Net1 wants Cash Paymaster Services placed into business rescue

Net1 UEPS Technologies is seeking to place a subsidiary that’s been ordered to repay tens of millions of dollars to Sassa in business recuse. 

The company is also facing a legal challenge from a human rights organisation, Freedom Under Law, which alleges that it understated its profit by at least R800m and must repay this as well.

Cash Paymaster Services, which for about five years distributed R150 billion in social grants annually on behalf of the South African government, has liabilities that exceed its assets, Net1 said in an application to South Africa’s High Court to take CPS into business rescue.

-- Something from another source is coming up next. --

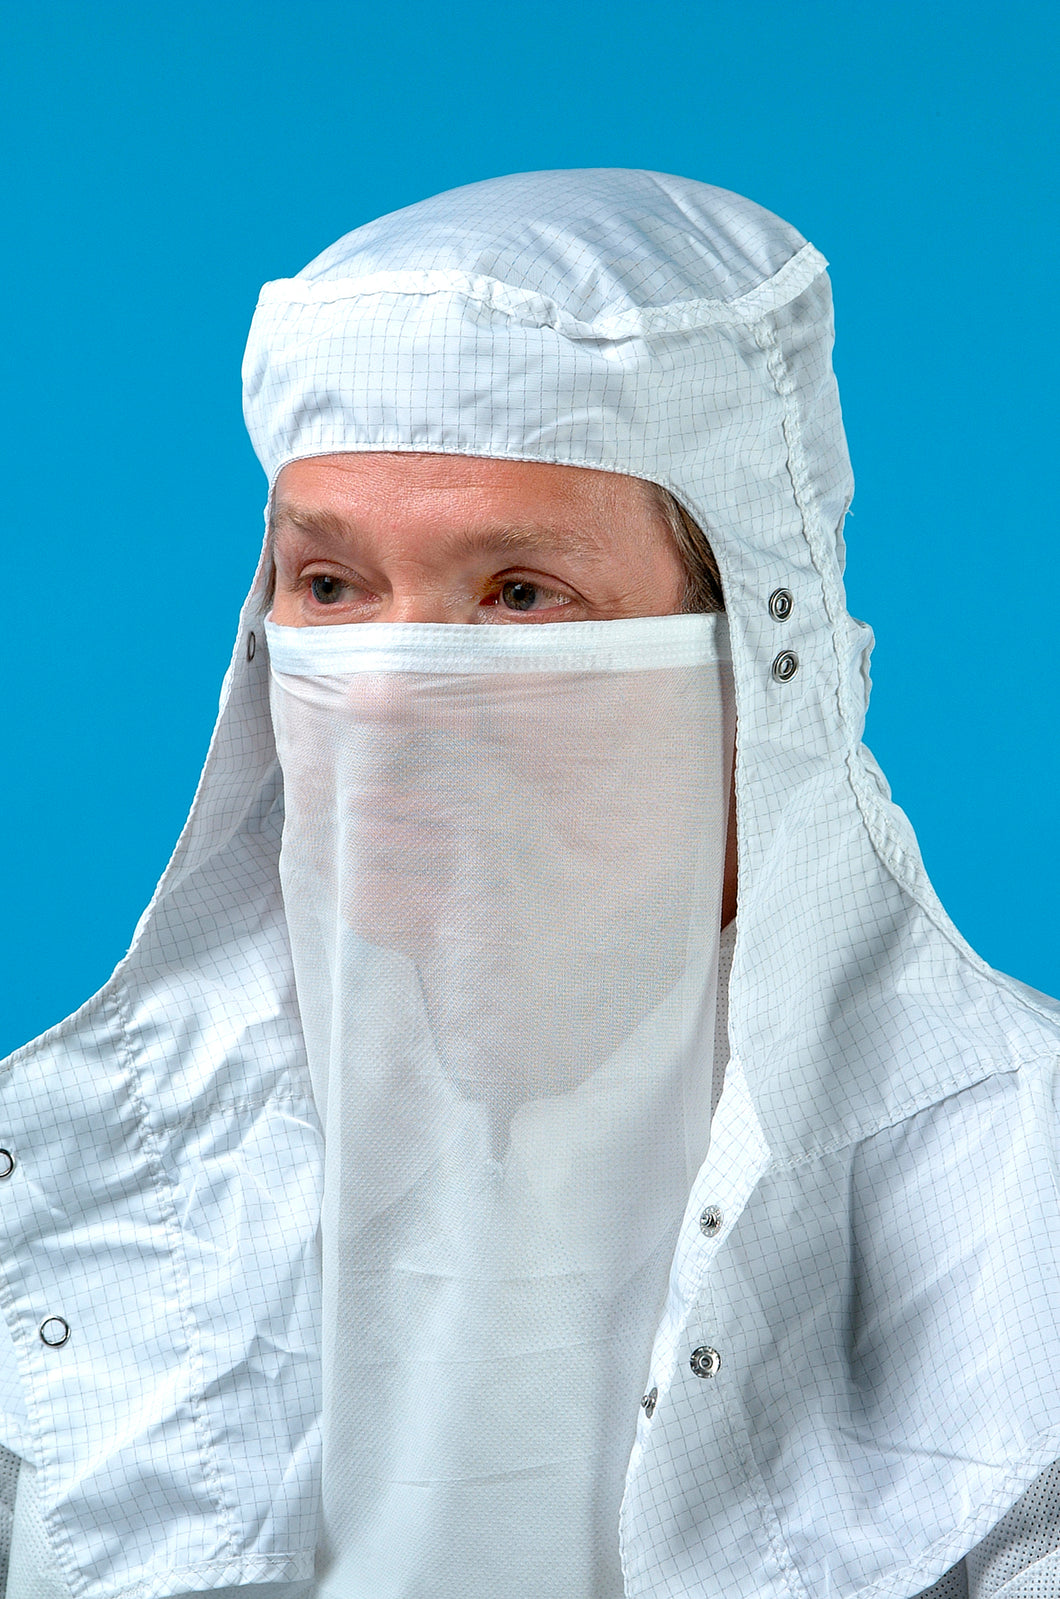 Spunlace Nonwoven Cellulose-Polyester Face Veil White 17 gsm 50 ea/Bag 3 Bags/Case

“CPS is financially distressed,” said Herman Kotze, Net1’s chief executive officer, in the application. “It is unlikely that CPS will be able to pay all of its debts.”

Court Ruling

The development is the latest in a saga that spans back to 2014, when the Constitutional Court ruled that the contract awarded to CPS was invalid because proper tender procedures hadn’t been followed. The ensuing turmoil threatened to disrupt the payments in 2018 and cast doubt on the government’s integrity amid a series of corruption scandals.

Because the South African Social Security Agency, known as Sassa, failed to find a replacement, CPS was allowed to continue making the welfare payments. In 2018, the Constitutional Court ordered the department to find a new service provider or make the payments itself. The South African Post Office now distributes the funds.

The court in March 2018 ordered CPS to repay Sassa R316m plus interest for payments it said it wasn’t entitled to claim. Sassa now claims it’s owed R596 million, while CPS has said the amount is R498 million, according to the court documents. CPS has made a counterclaim of R338 million against Sassa for costs it says it incurred. Sassa said in court documents it opposes the plan to place CPS in business rescue and instead wants it liquidated.

In a separate application to the Constitutional Court, Freedom Under Law demands that CPS repay the allegedly unreported profit because they say the contract was invalid and the profit therefore illicit. They also want auditors appointed by the welfare department to be given full access to CPS’s financial information.

The profit was calculated by RAiN, a company commissioned to audit CPS by Sassa. CPS and its own auditors, KPMG and Mazars, have criticised RAiN’s methods and reject its findings.